The killing of so many beavers to satisfy a European fashion item also affected the food chain and areas that depend on beavers to minimize or eliminate flooding.

Payette pointed out that by the end of the Beaver Wars (around the mid-1600s), the many Indigenous nations previously both above and below the St. Lawrence River were reduced to only two collective nations: the Three Fires Confederation and the Six Nations Confederacy.

“Other nations were either pushed further west, killed in the Beaver Wars, died from disease, or absorbed into the conquering nation,” he explained.

When asked by Village Media why he feels it is important for people to understand the history he presents, Payette said: “I was raised to hide my Indigeneity, I was not able to be raised in my father’s customs, traditions and ceremonies. My father’s language was taken from me.

"I now try to allow the heritage I missed out on to permeate all my thoughts and actions. I do this by studying and researching the intricacies of my heritage and relaying it to the non-Indigenous so that we can understand each other with compassion and empathy.
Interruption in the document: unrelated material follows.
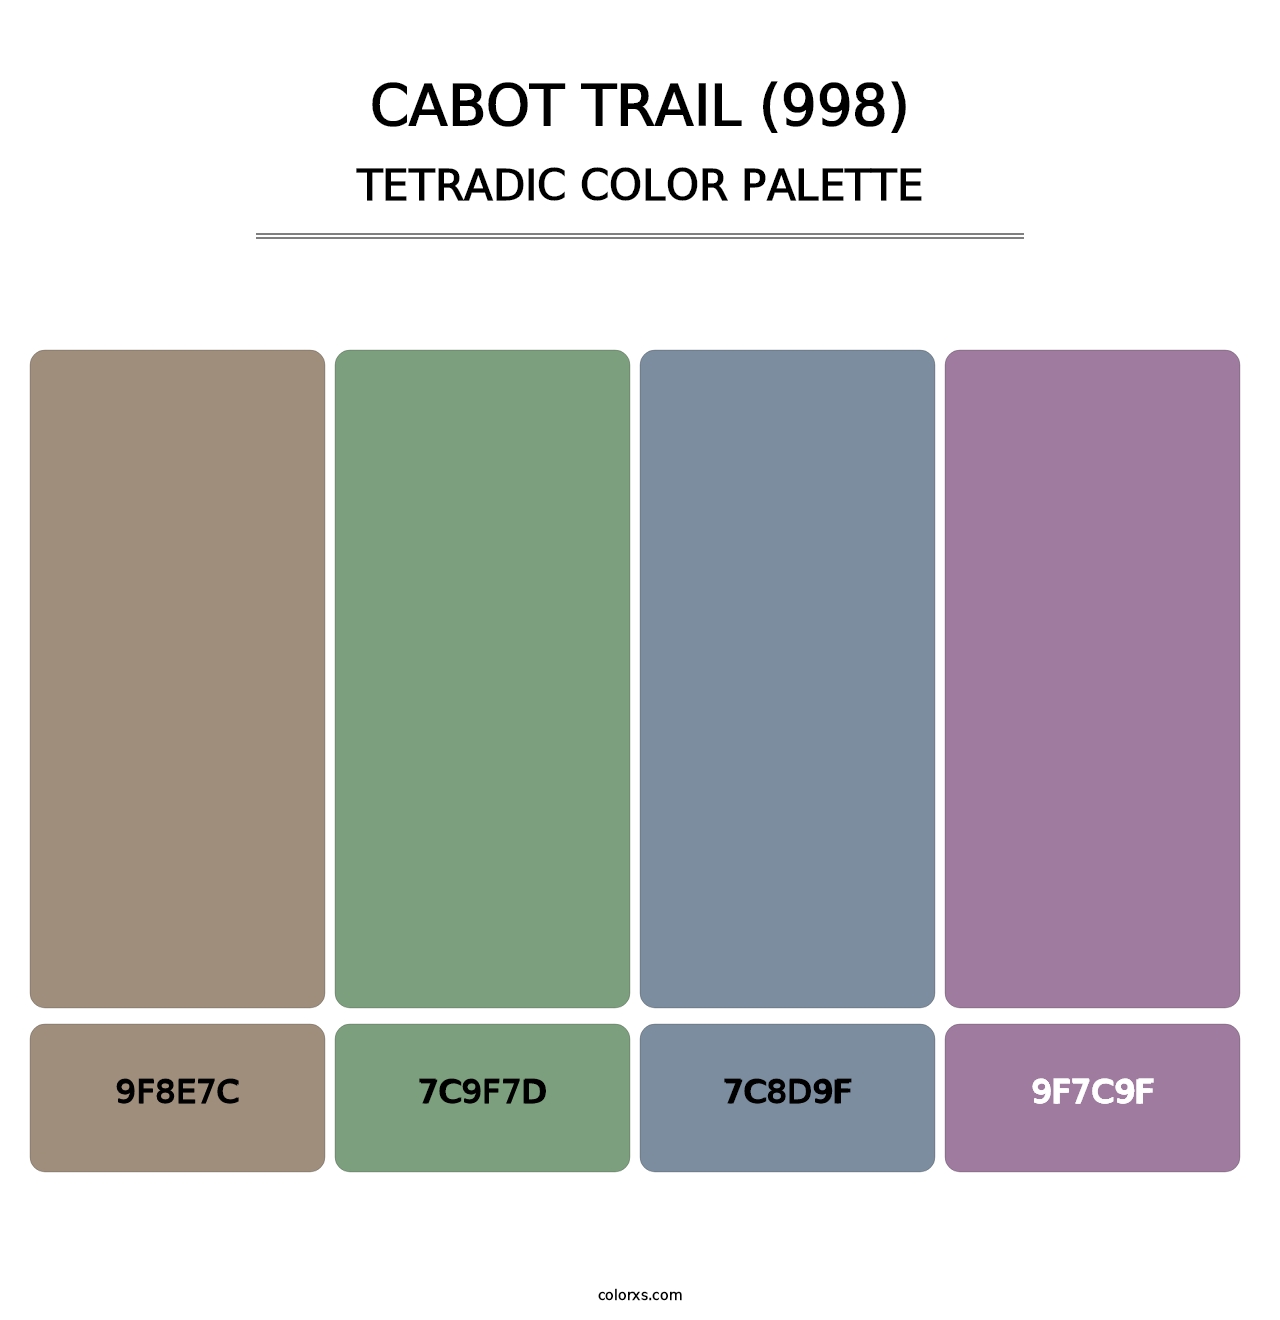 Cabot Trail (998) - Tetradic Color Palette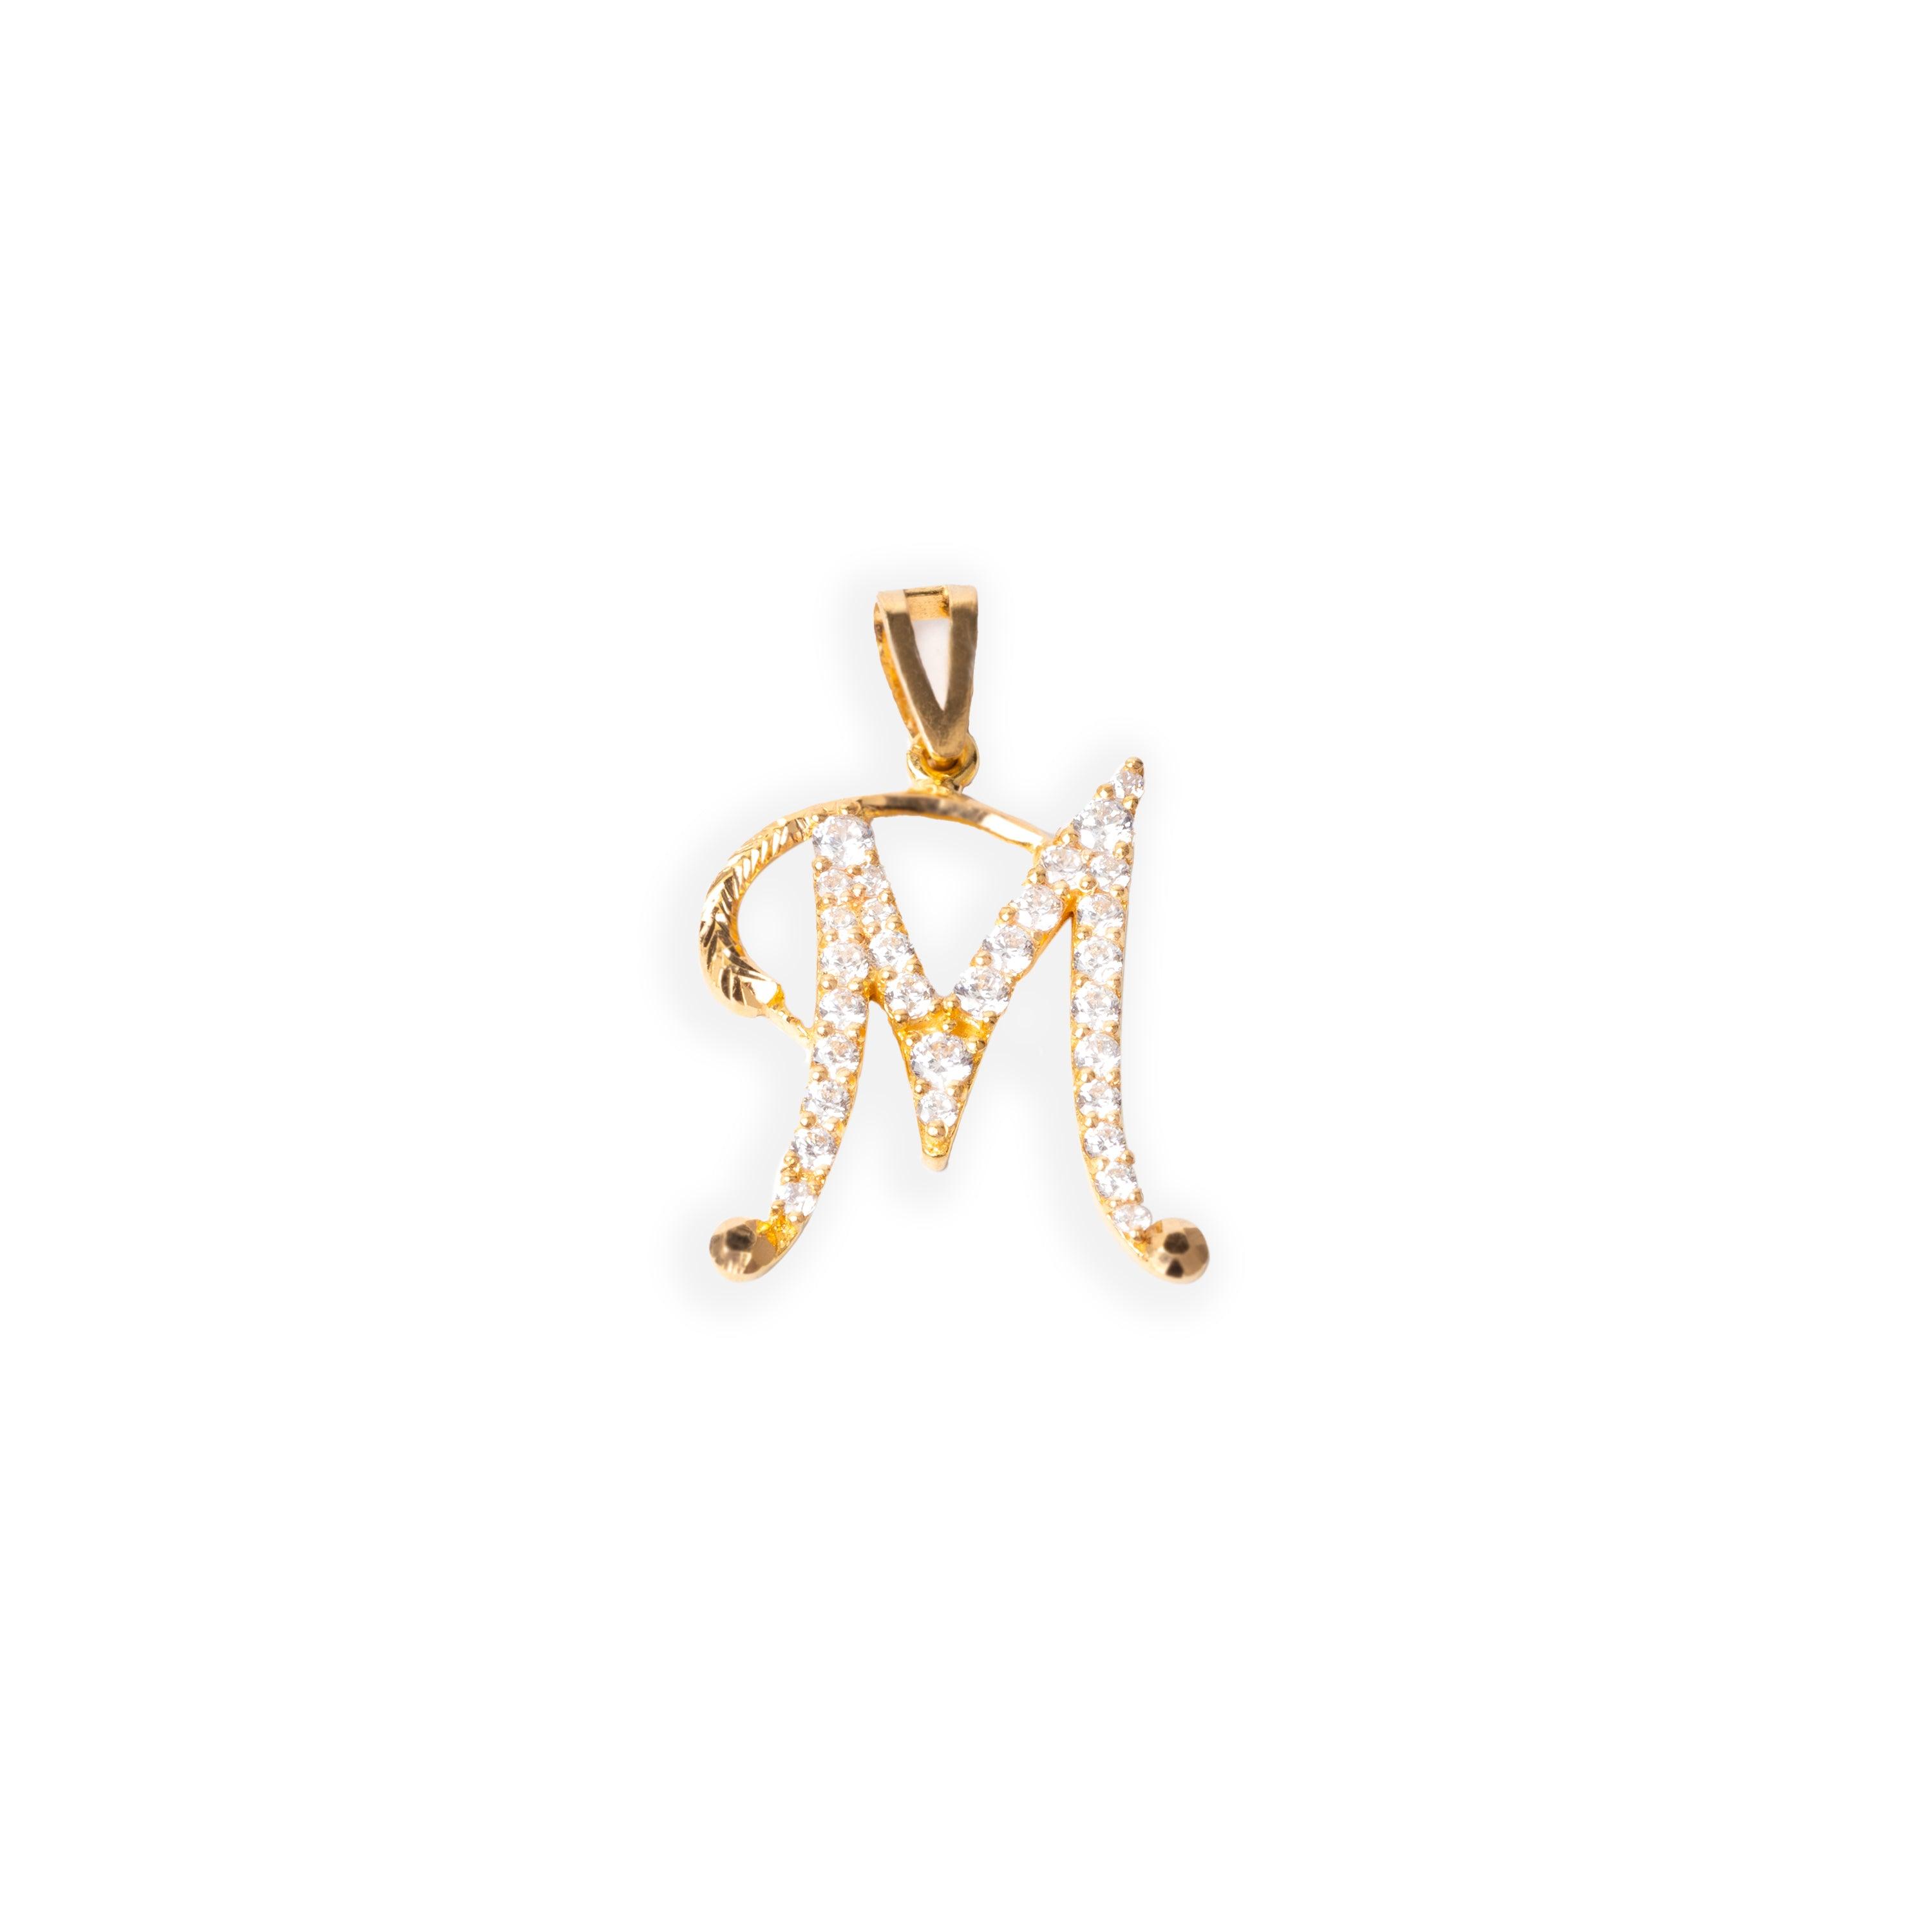 'M' 22ct Gold Initial Pendant with Cubic Zirconia Stones P-7039-M - Minar Jewellers

I am proud to finally have a chance to carry on the teachings and wisdom of my ancestors," he added.

Besides his educational presentation, Payette had his fictional novel, Nitam: The First, available for sale that evening. The cover says it is “a story of a disparate trio of Anishinaabe teens who found each other while trying to escape their personal terrors. It soon becomes a spiritual journey of one of those boys, who, through a sentence from the courts, and assemblage of unique people, and teaching stories of his father, learns the importance of self, others, and family.”

Payette is working on his second novel and has three children’s books in the works. A Kindle version of Nitam The First can be found on amazon.ca. For a hard copy, or to request a presentation, email [email protected].

Payette was hosted by the Tec-We-Gwill Women’s Institute.